多次使用GradientTape进行多个Jacobian计算 [英] Repeated use of GradientTape for multiple Jacobian calculations

查看:281
本文介绍了多次使用GradientTape进行多个Jacobian计算的处理方法,对大家解决问题具有一定的参考价值,需要的朋友们下面随着小编来一起学习吧!

问题描述

我正在尝试计算TensorFlow神经网络输出相对于其输入的雅可比行列式.这可以通过tf.GradientTape.jacobian方法轻松实现. TensorFlow文档中提供的简单示例如下:

I am attempting to compute the Jacobian of a TensorFlow neural network's outputs with respect to its inputs. This is easily achieved with the tf.GradientTape.jacobian method. The trivial example provided in the TensorFlow documentation is as follows:

with tf.GradientTape() as g:
  x  = tf.constant([1.0, 2.0])
  g.watch(x)
  y = x * x
jacobian = g.jacobian(y, x)

这很好,如果我只想计算输入张量x的单个实例的雅可比行列式.但是,对于x的各种实例,我需要多次反复评估该雅可比行列式.对于非平凡的Jacobian计算(例如,对于具有非线性激活函数的深层卷积神经网络),重复重新运行GradientTape计算并评估jacobian方法的成本非常高.我从 TensorFlow文档知道,梯度(以及雅可比矩阵)是通过计算得出的自动区分.我必须想象网络的分析梯度有一些内部存储(通过自动微分计算),可以在给定的输入下进行评估.

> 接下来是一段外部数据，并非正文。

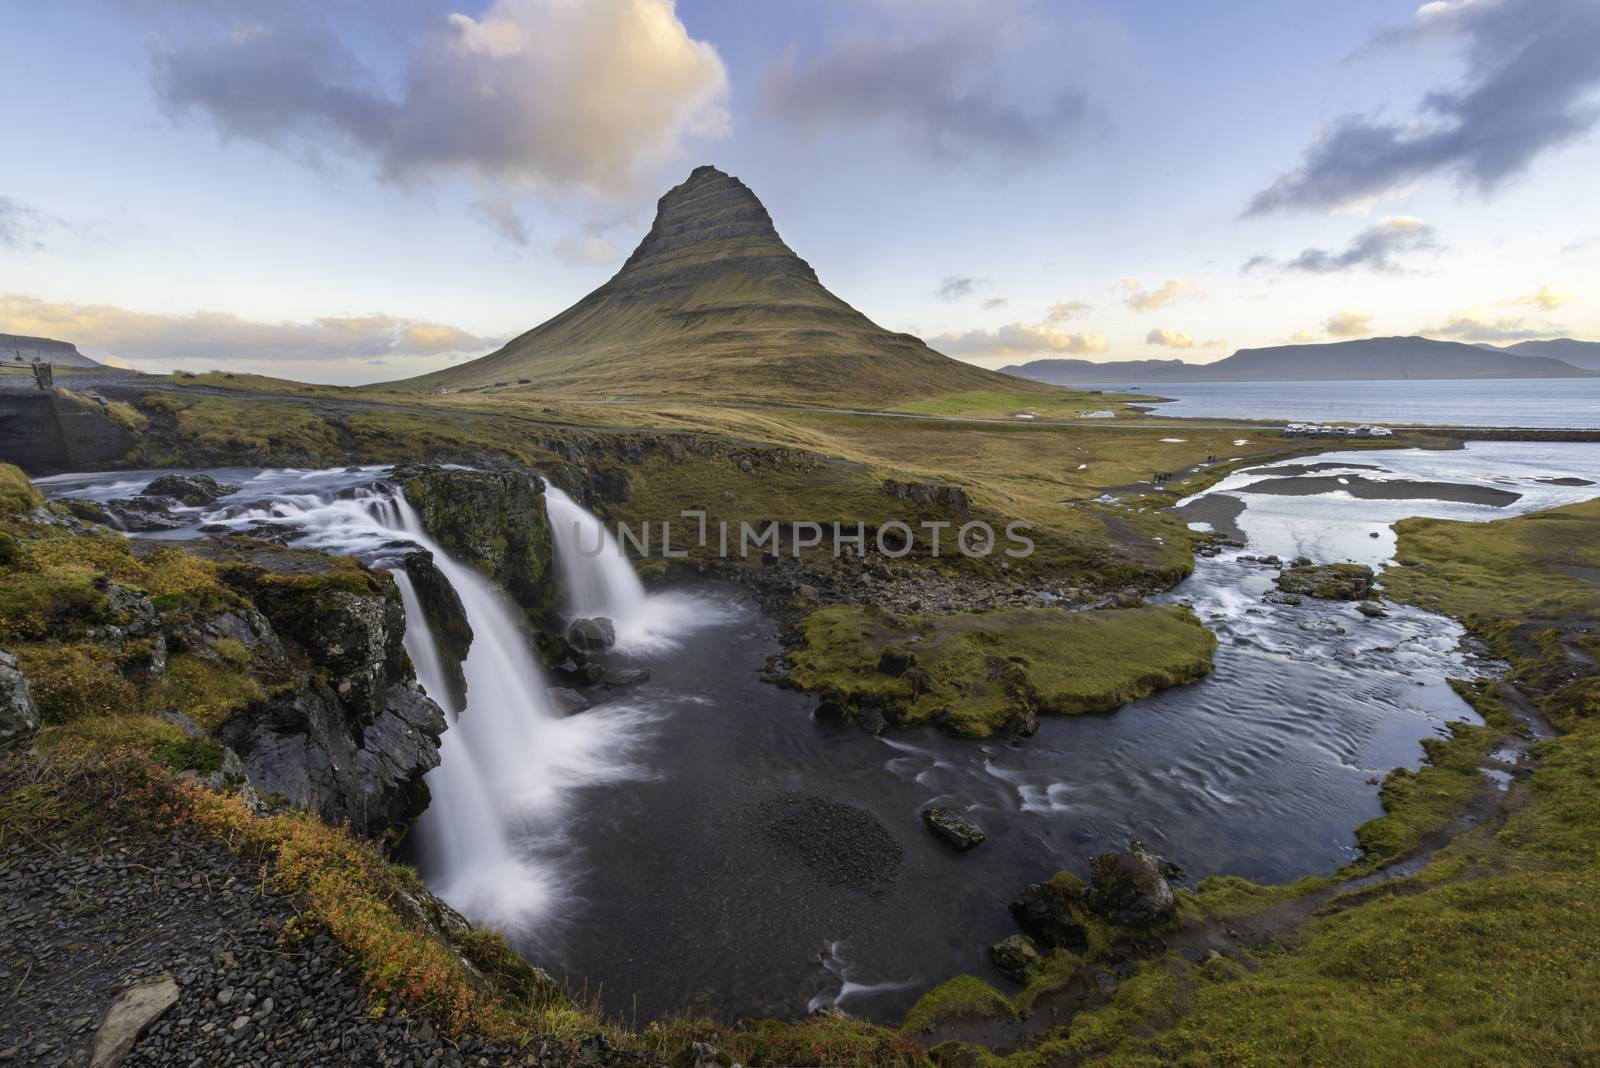 Kirkjufellsfoss Waterfall is located in West Iceland, close to Kirkjufell Mountain and Grundarfjörður Town (Grundarfjordur) on the Snæfellsnes Peninsula
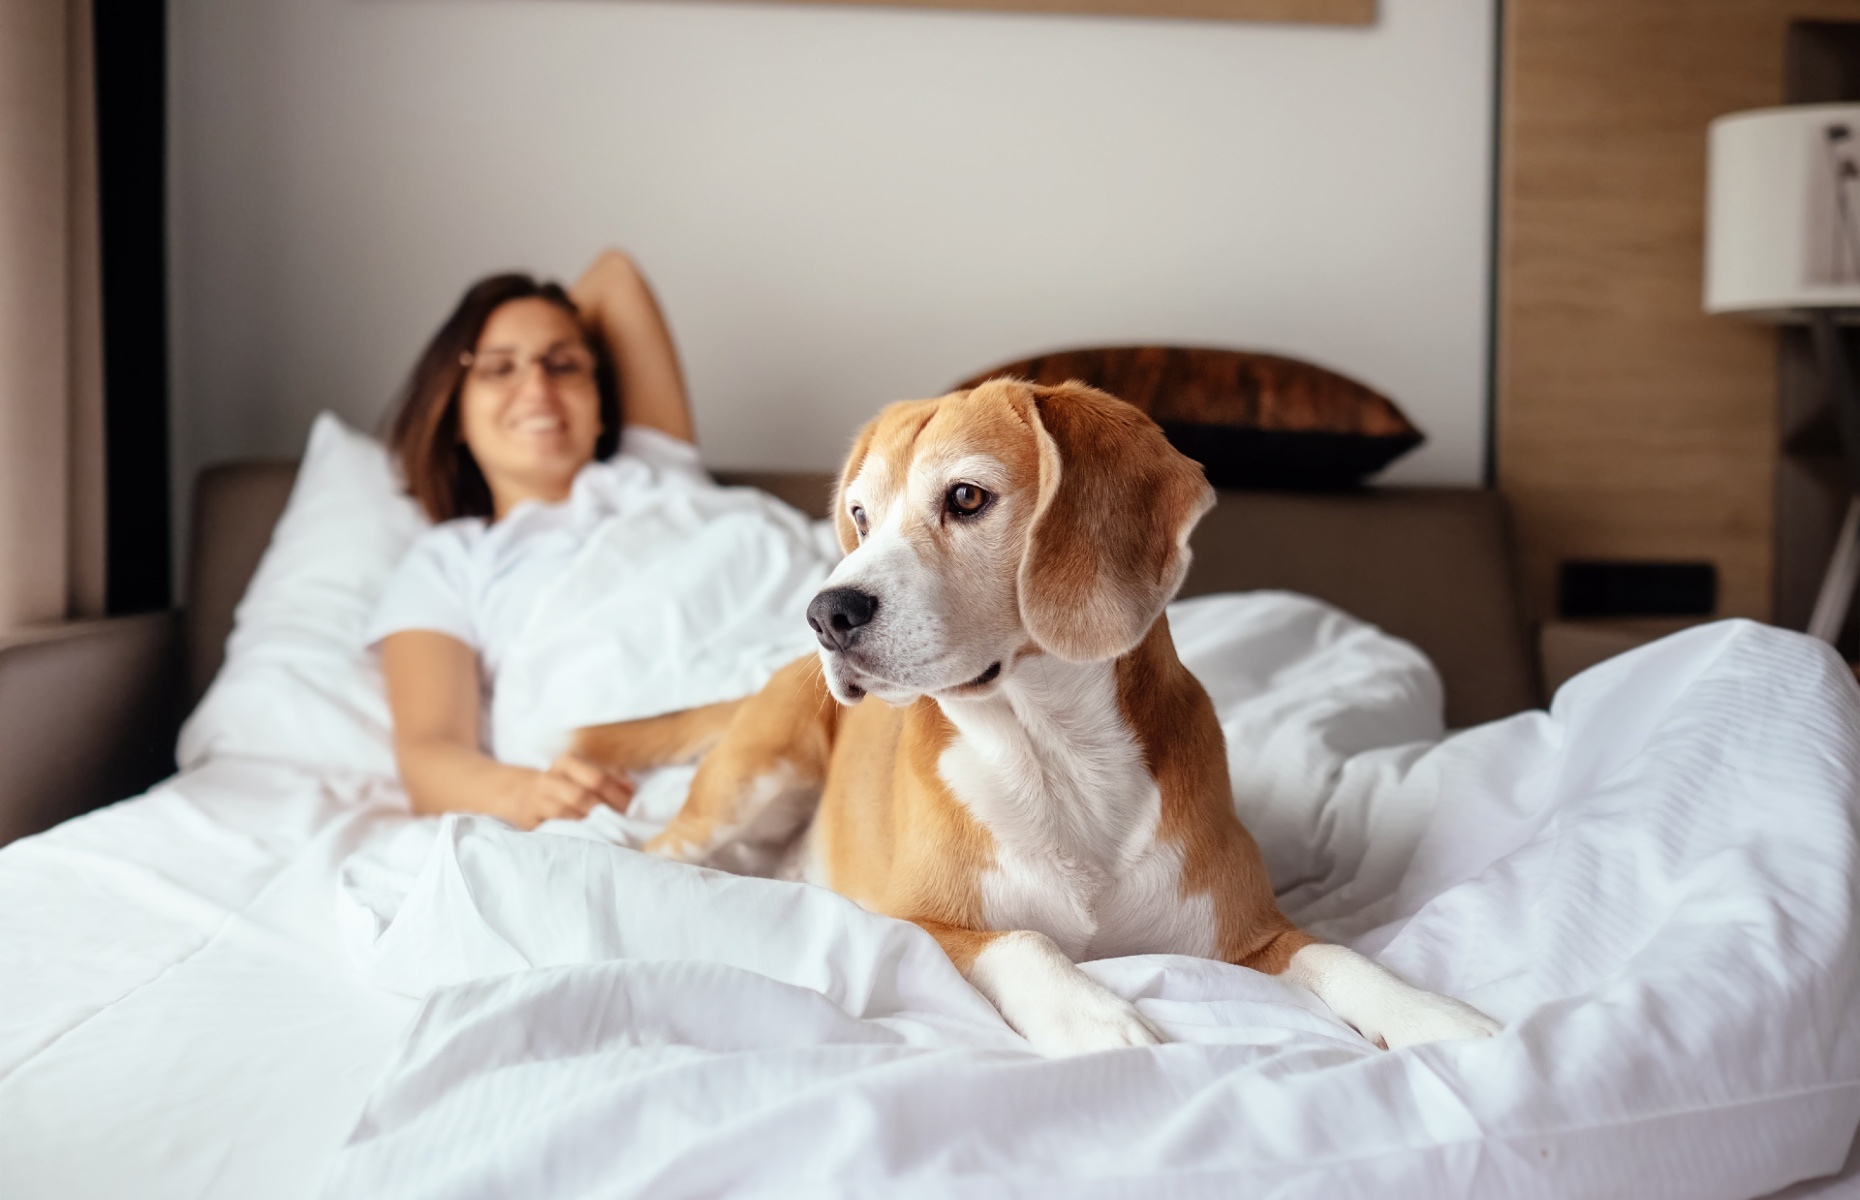 Pets in hotels (Image: Soloviova Liudmyla/Shutterstock)
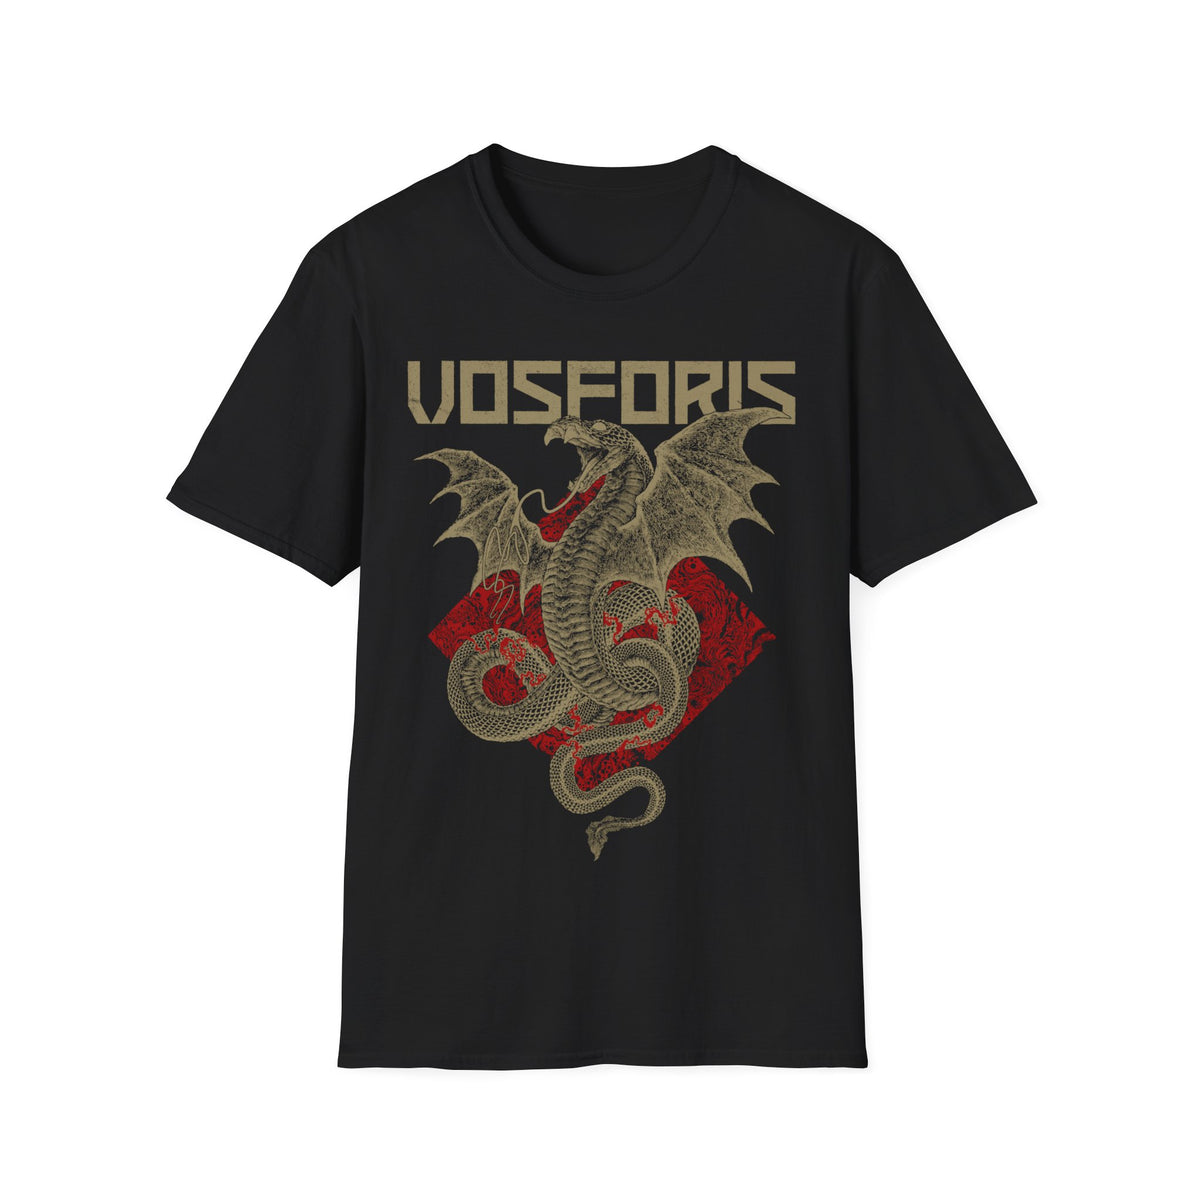 Vosforis - Psychonaut Satanist - Unisex Softstyle T-Shirt
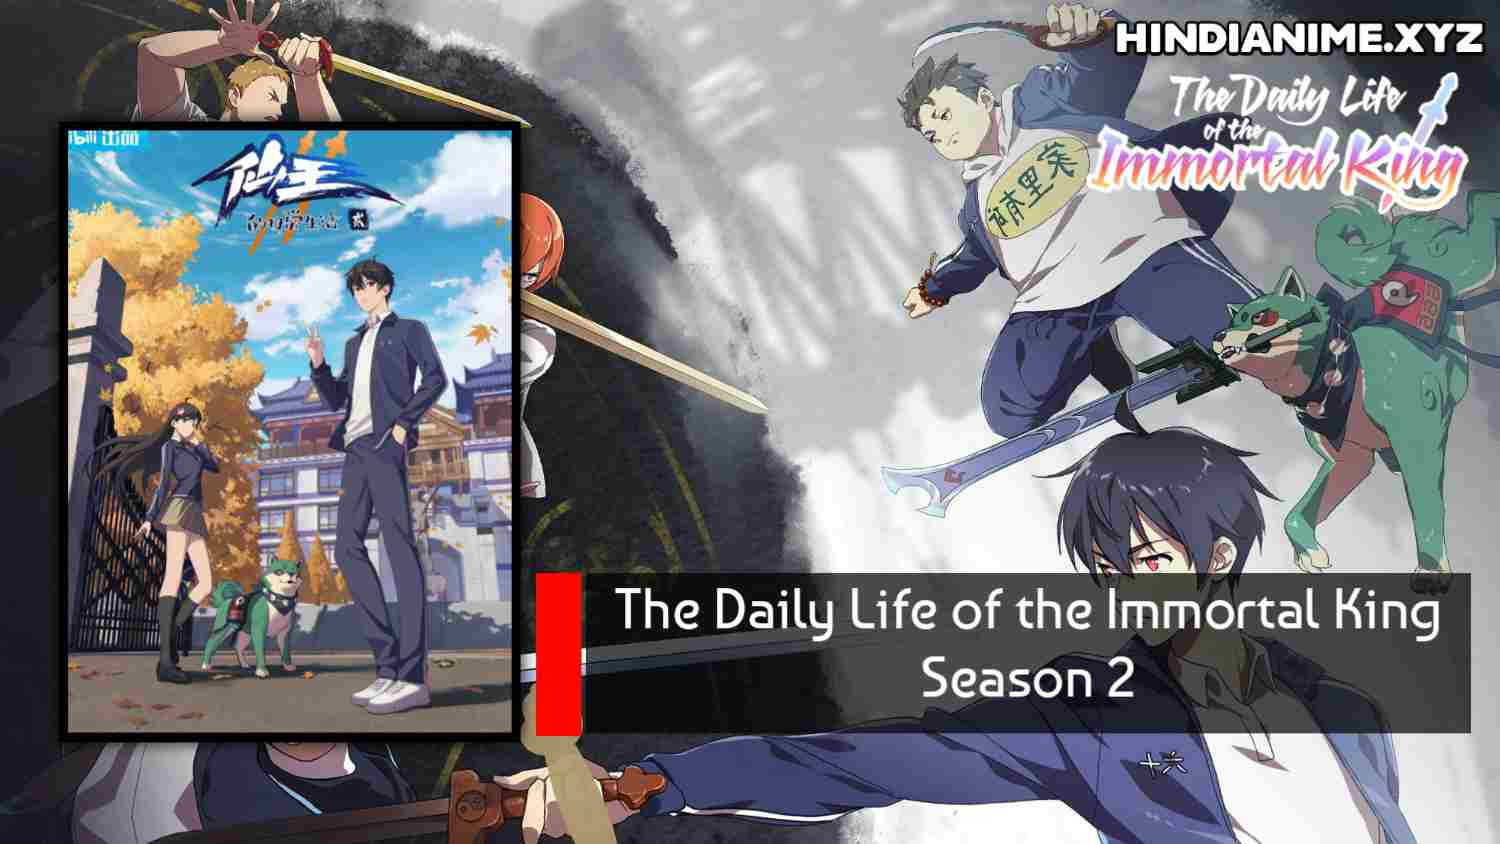 The Daily Life of the Immortal King Season 2
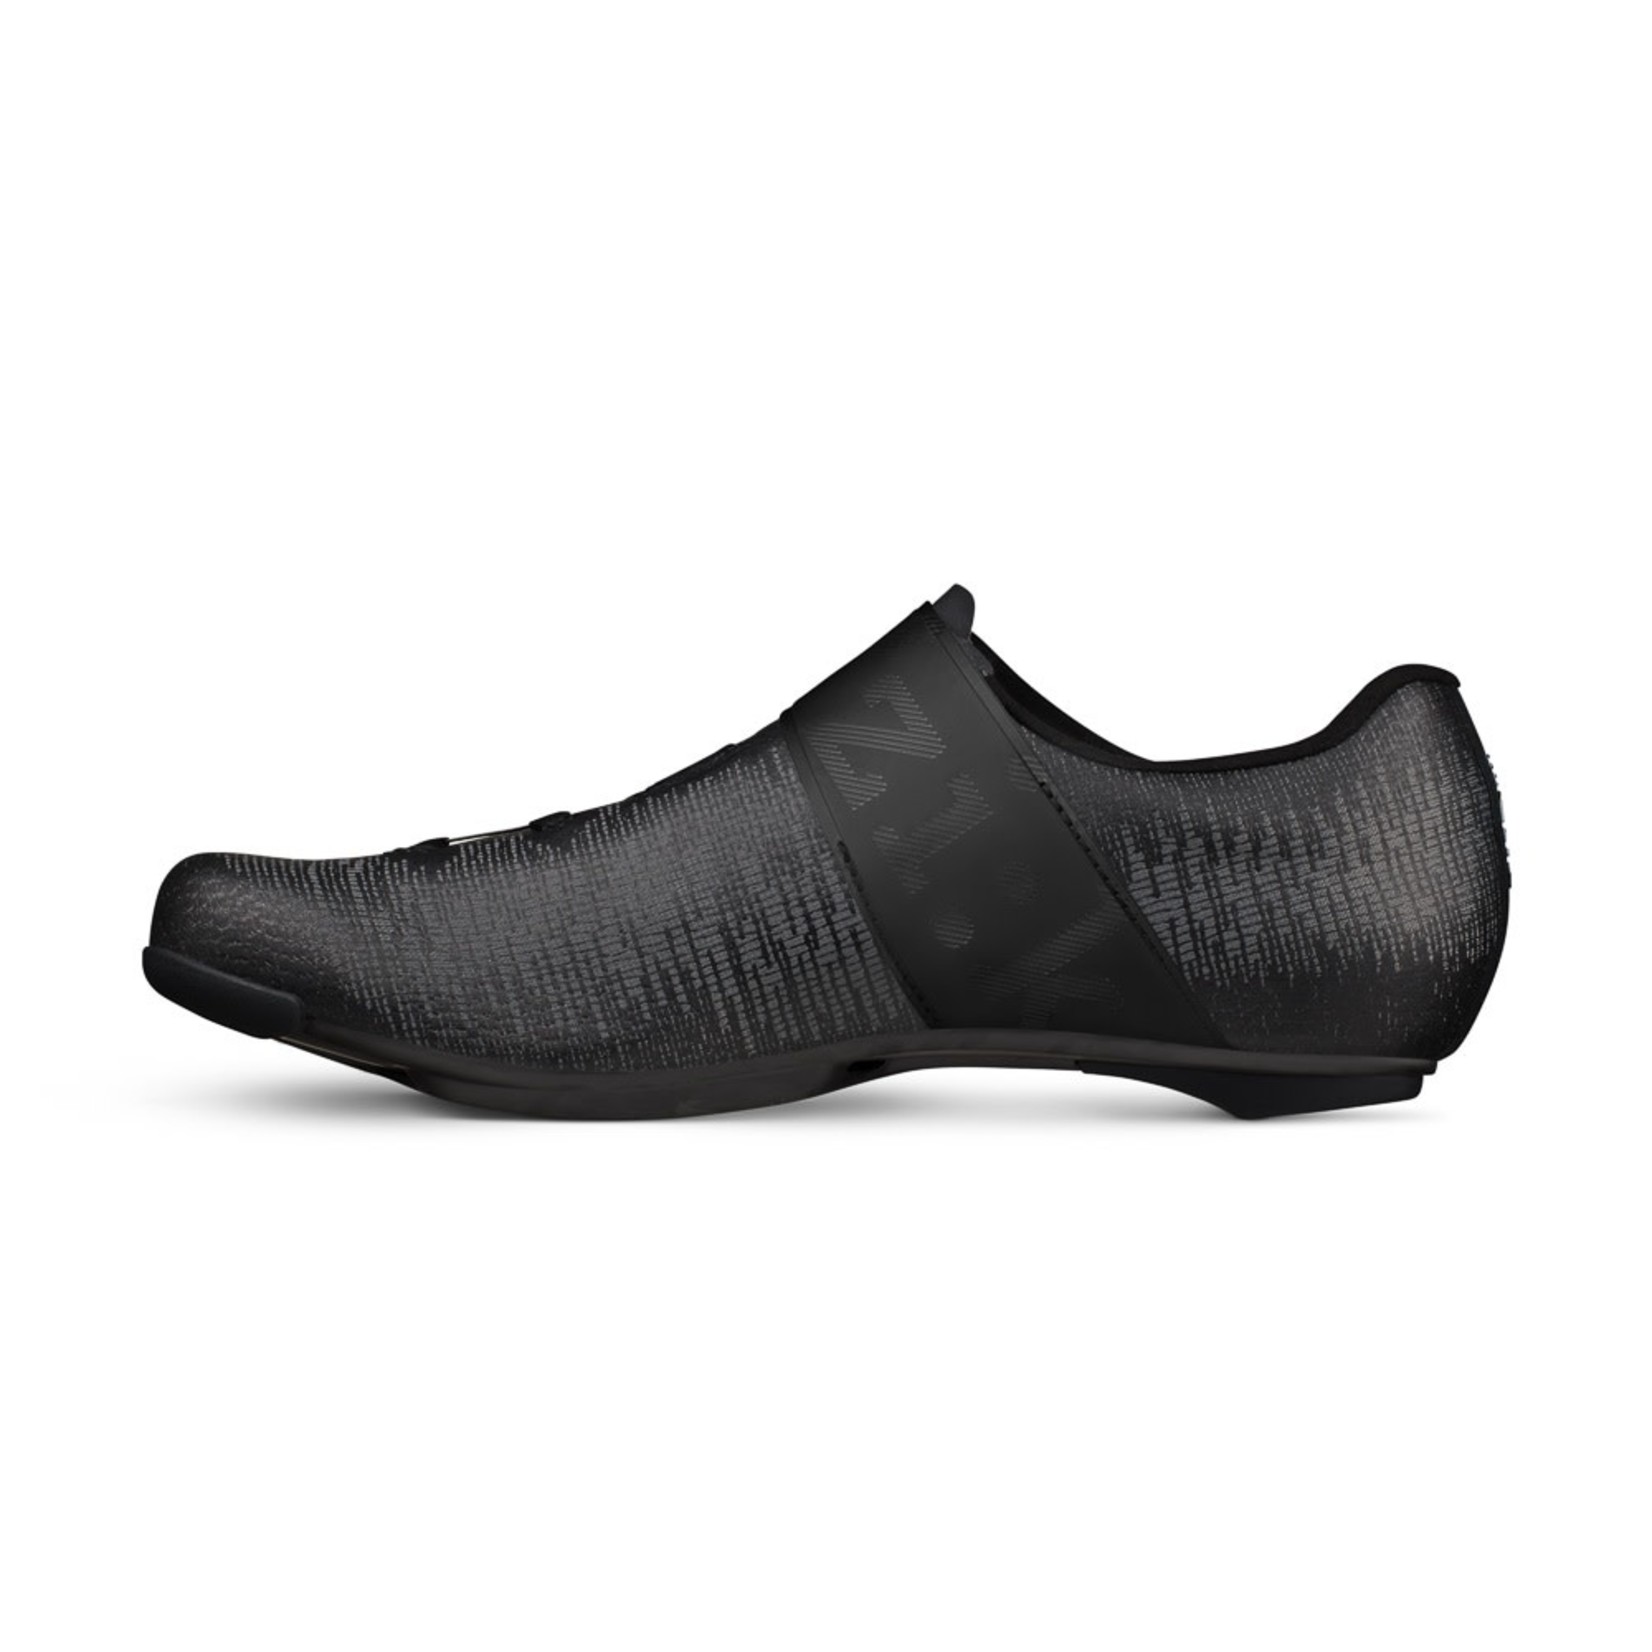 Fizik Fizik Vento Infinito Knit Full Carbon Road Bike/Cycling Shoes - Black/Black

This is fine if I want only want to compute the Jacobian of a single instance of the input tensor x. However, I need to repeatedly evaluate this Jacobian many, many times for various instances of x. For a non-trivial Jacobian calculation (e.g. for a deep convolutional neural network with non-linear activation functions), this is incredibly expensive to repeatedly rerun the GradientTape calculation and evaluate the jacobian method. I know from the TensorFlow documentation that the gradients (and hence the Jacobian) are computed via automatic differentiation. I have to imagine there is some internal storage of the analytical gradient of the network (computed by automatic differentiation) which is evaluated at the given inputs.

我的问题:我是否假设TensorFlow构建并存储(至少部分)计算雅可比行列式所需的分析梯度,这是正确的吗?如果是这样,是否有一种方法可以保存此分析梯度并用新的输入重新评估Jacobian,而不必通过GradientTape方法进行重构?

My question: am I correct in assuming that TensorFlow builds and stores (at least parts of) the analytical gradients needed to compute the Jacobian? And if so, is there a way to save this analytical gradient and re-evaluate the Jacobian with new inputs without having to reconstruct it via the GradientTape method?

持久性" GradientTape似乎无法解决此问题:它仅允许针对计算的多个内部参数对单个GradientTape实例进行重复评估.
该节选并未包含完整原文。